The current environment represents a clear regime shift from loose to tight monetary policy, disinflationary to inflationary, and directional to more choppy markets. 

With a number of near-term event risks, geopolitical and economic, it's particularly important to ensure that our funds are well diversified. This includes diversification in our asset allocation decisions and across investment managers. Having defensive exposures such as maintaining some fixed income and quality-based investment styles are clearly helpful. So is having sources of active asset allocation, to remain nimble to such risks.

Finally, keeping the Funds liquid and up in the capital structure is also prudent.

And how is Mercer positioning its portfolios in response to Central Banks switching from QT to QE? 

Portfolio returns will be more varied as beta returns will display more volatility. This volatility will present challenges but also opportunities for fund managers to generate alpha, and we've seen a refocus on alpha generation across the industry.  

In terms of what we are doing in the Mercer portfolios, we are focusing on liquidity, changing asset class correlations and seeking out opportunistic exposures which may have been beaten down unfairly due to current market dynamics.  



What is the impact of Your Future, Your Super reforms on your investment strategies? Does it make portfolio design harder?

There is a lot of industry concern around YFYS regulations, however, a lot of the YFYS reforms are things that many of us were already doing, such as focusing on total return outcomes and measuring the contribution of our active investment processes. 

The YFYS reforms do provide some additional perspectives on how to measure active returns, and we've be taking those perspectives into consideration when we construct portfolios.

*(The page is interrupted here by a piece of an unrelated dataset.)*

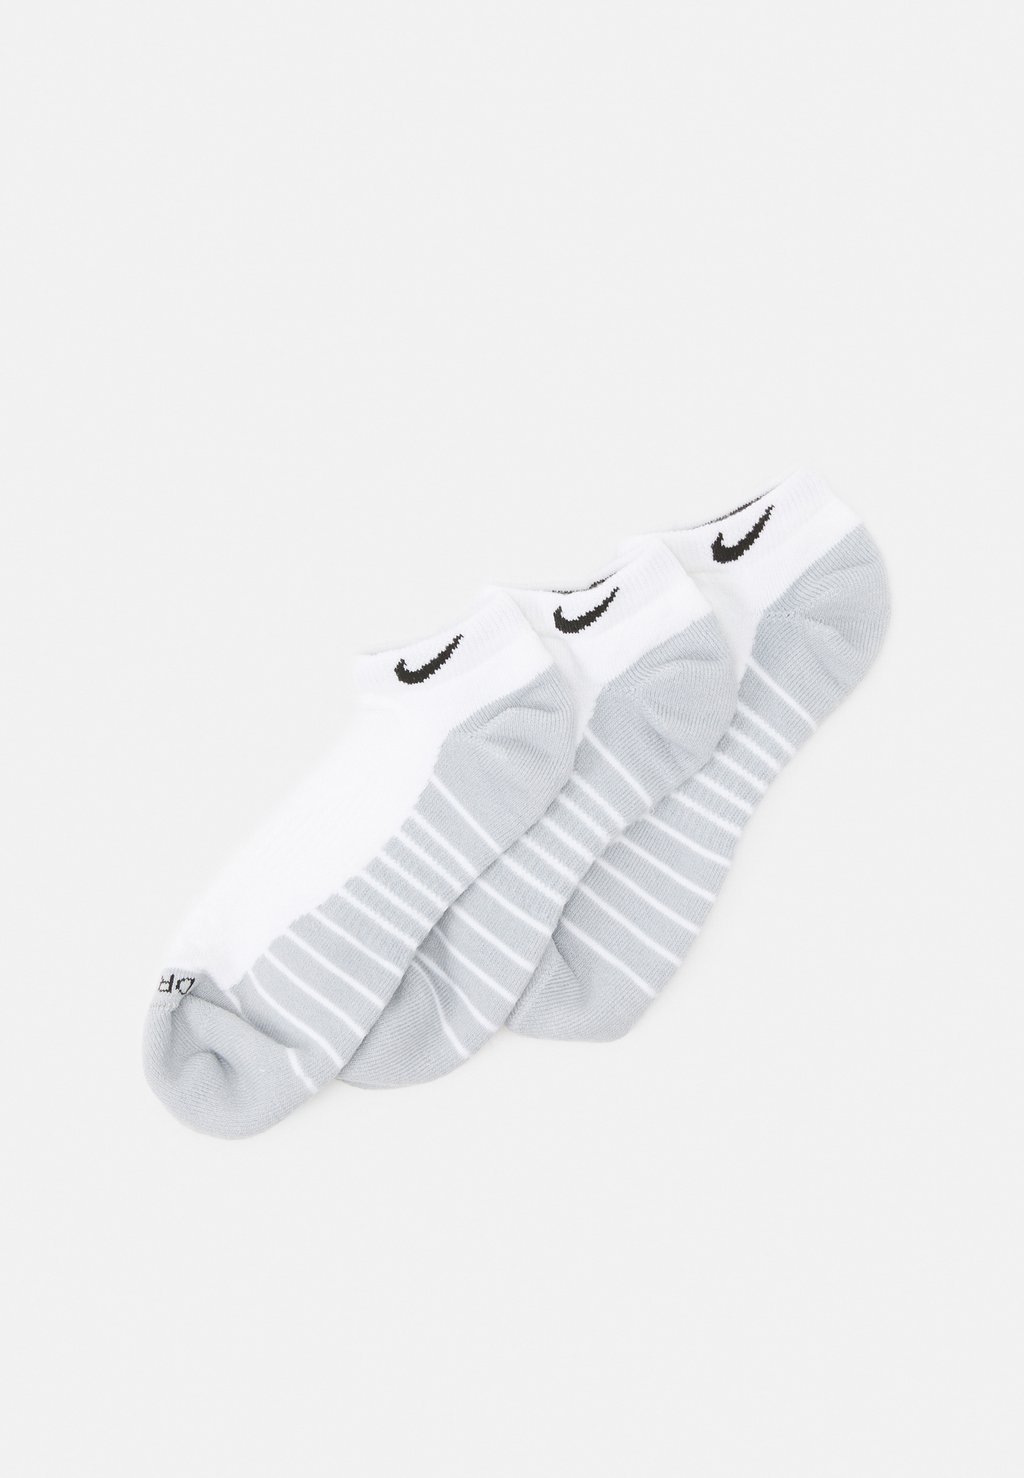 Спортивные носки Nike Socken Evry Max Cush, белый/серый

A complication of the YFYS reforms is how to best integrate ESG-related issues, as implicitly the reforms do not seem to be conducive to such considerations. Mercer has committed to net zero emissions by 2050, and the reforms at first glance do seem to make this commitment more difficult. We view climate change as a material long-term risk that should be considered in investing. Further, we view that investors increasingly expect their investment managers to consider climate change not just from an investment risk perspective, but also from an ethical perspective. As such, we're actively looking at ways to further integrate ESG considerations in our portfolios and will engage with the regulator where we view the YFYS reforms could be more conducive.  

Some super funds are combining passive investing with a few high alpha or niche strategies. Do you think this is the best way to build a solid portfolio under the YFYS framework?

Super funds should start with an understanding of the desired member outcomes from a return, risk and fee perspective. Once these objectives are clearly understood, it's our job to select the right combination of managers to best meet these objectives. In some instances, it may mean blending a high alpha strategy with a lower alpha or passive strategy, but this is not necessarily the right framework for all funds and all asset classes.

The key is to make sure we invest in the best managers at all times, that are complimentary and within our active risk and cost constraints. An important point about passive management is that it tends to only dilute active risk, and not diversify it, and as such doesn't improve the risk-adjusted outcome which is the main aim when blending managers.

Where do you see the longer-term opportunities?

We continue to like real assets, particularly private debt and have reflected this in our SAA. Asia, and China in particular, remains an area of interest, although we acknowledge the geopolitical risks at play. With more volatile and less directional markets expected, we view active management will be more important. Seeking out new managers and ensuring we're always invested in the best managers globally and in a complimentary fashion, will become even more critical for long-term success.